Coba beritahu apa yang lebih cantik dari semburat jingganya yang mengharukan? Apa yang lebih hebat dari fenomena sepele yang faktanya malah mengagumkan untuk ditatap?
Kaki-kaki itu menggantung. Diayunkan sekali-sekali. Satunya sibuk menopang tubuh sembari menerawang jauh sementara yang satunya menunduk jauh ke bawah sana. Berandai-andai bilamana tubuhnya terjatuh. Dihempaskan bersama angin yang melenyapkan bobotnya. Melenyapkan lukanya yang menganga, siap melelehkan banyak darah. Melenyapkan segalanya sampai dia merasa kelewat ringan untuk menapaki terjalnya dunia.

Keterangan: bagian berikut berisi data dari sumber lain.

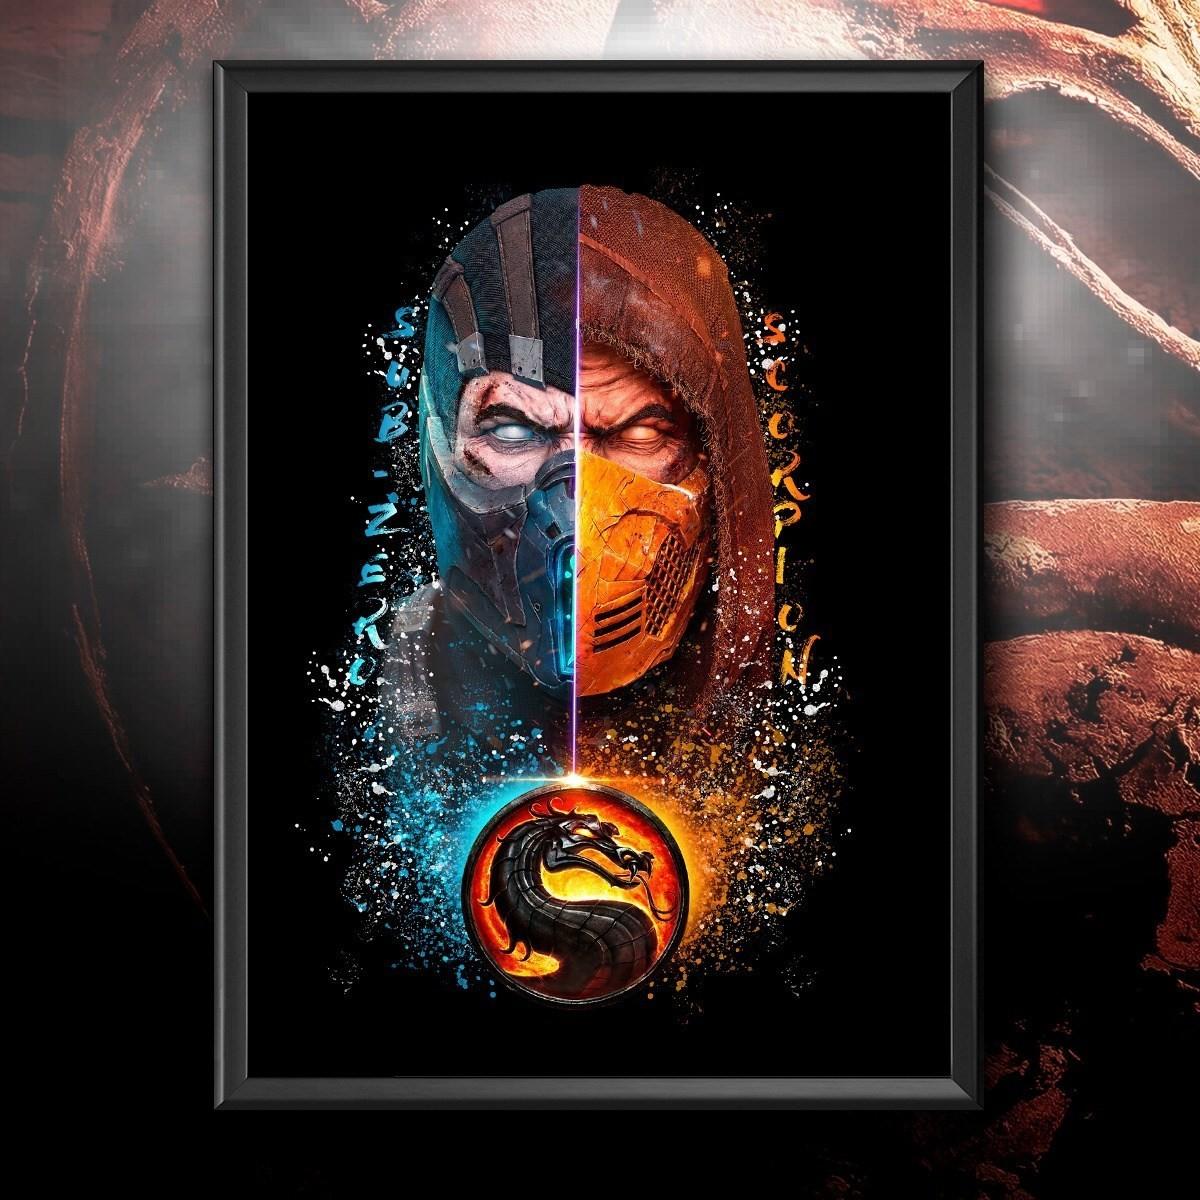 Quadro Subzero e Scorpion: Mortal Kombat 46x33cm

Park Jisung agaknya selalu akan terpincut pada matahari yang tengah berusaha mengundurkan diri. Mendeklarasikan bahwa ini sudah saatnya berpulang. Jam kerjanya berakhir dan tuan bulan-lah yang seharusnya menduduki tahta itu.
Sunset.
Jisung tidak tahu-menahu darimana sisi emosional ini bermunculan. Padahal sekedar semburat yang mana terkadang membuat matanya menyipit. Tapi dibalik kata padahal itu, Jisung menemui sebuah keajaiban yang ia tahu tak akan pernah bisa ditemukan di manapun.
Sebab Tuhan terlalu pandai menciptakan alamnya yang ramah untuk para insan-Nya.

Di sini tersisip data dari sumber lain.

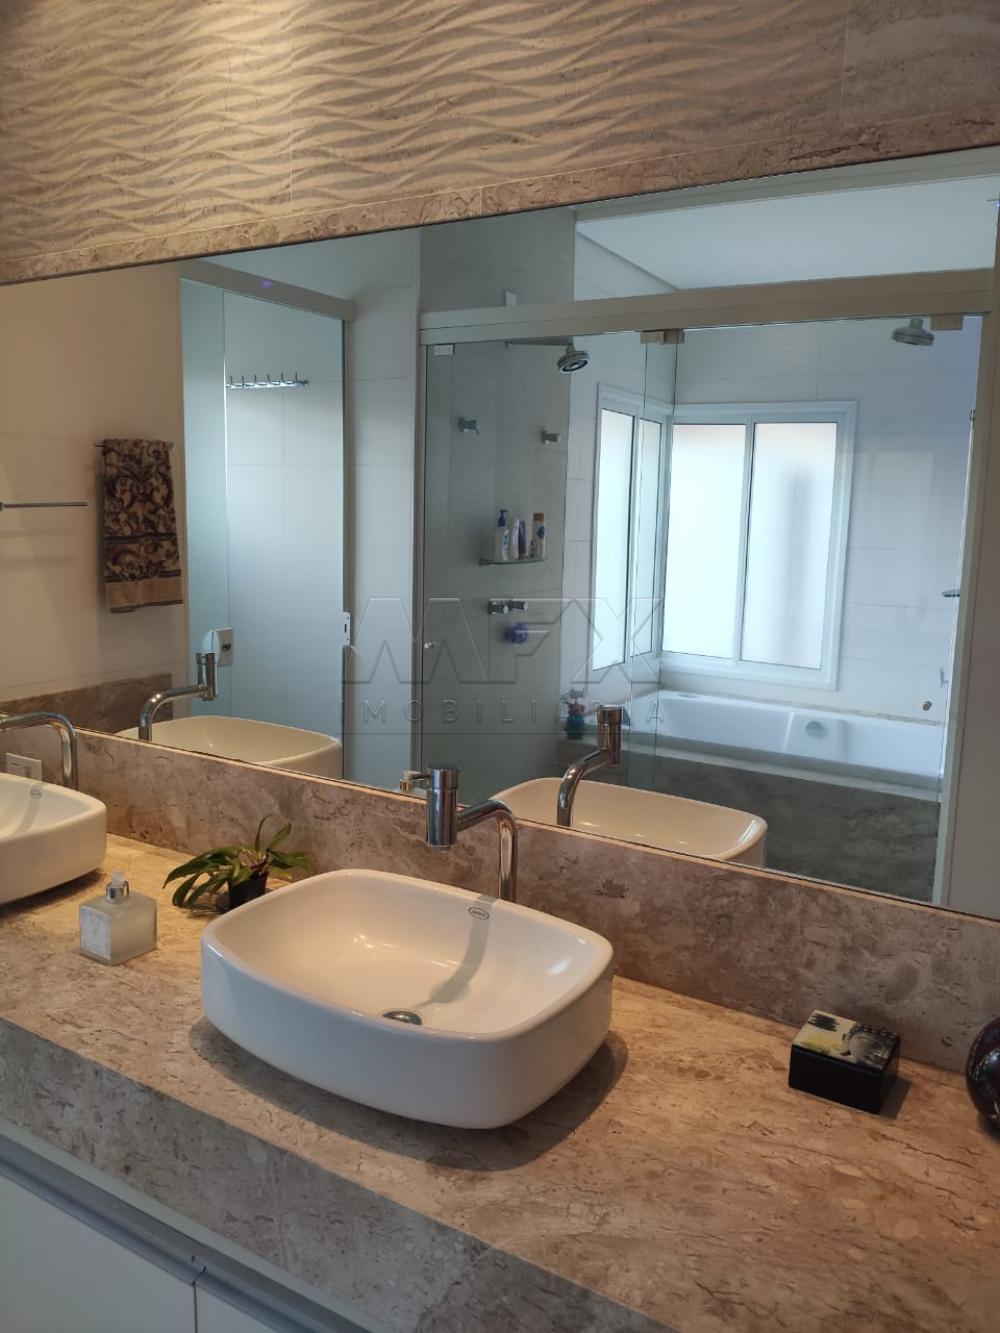 Comprar Casa / Condomínio em Bauru apenas R$ 1.800.000,00 - Foto 27

"Chenle." Panggilan itu mengudara. Kakinya masih membawa guncangan lemah, bergelantung layaknya seutas tali. Hati memberat ketika tungkai dipaksa melangkah pergi dari atap sekolah. Tempat terpencil yang jarang terjamah rupanya surga rahasia untuk Park Jisung.
"Hm?" Sahutannya menjawabi panggilan si sobat.
Bersama semilir anginnya yang memabukkan, Jisung berujar. "Kamu gabung sama klub basket sekolah? Skill basket-mu pasti bagus kan? Apalagi kamu hobi mainin bola itu." Diakhiri dengan terkaannya yang gagal melenceng.
Tapi, sang lawan bicara malah mengejutkan lewat kepalanya yang menggeleng. "Nggak."
Alis itu terangkat sontak. Jisung menoleh, mengabaikan sesaat pertunjukan istimewa dari sang baskara yang kian melenyap. "Kenapa?" Pertanyaan itu singkat. Tidak rumit namun tersemat setitik rasa kecewa yang ikut terungkap.
"Nggak tahu. Nggak minat." Kedua bahunya diangkat acuh tak acuh.
"Aneh." Gumaman itu menyusul dengan nadanya yang melirih. Untuk Chenle, atensi itu disudahi. Matanya kembali terpikat, jatuh pada pesona sunset yang enggan untuk diabaikan. "Biasanya kalau seseorang suka sama bidang tertentu, mereka pasti bakal ikut beberapa hal yang menyangkut sama hobinya itu. Tapi kenapa kamu nggak?"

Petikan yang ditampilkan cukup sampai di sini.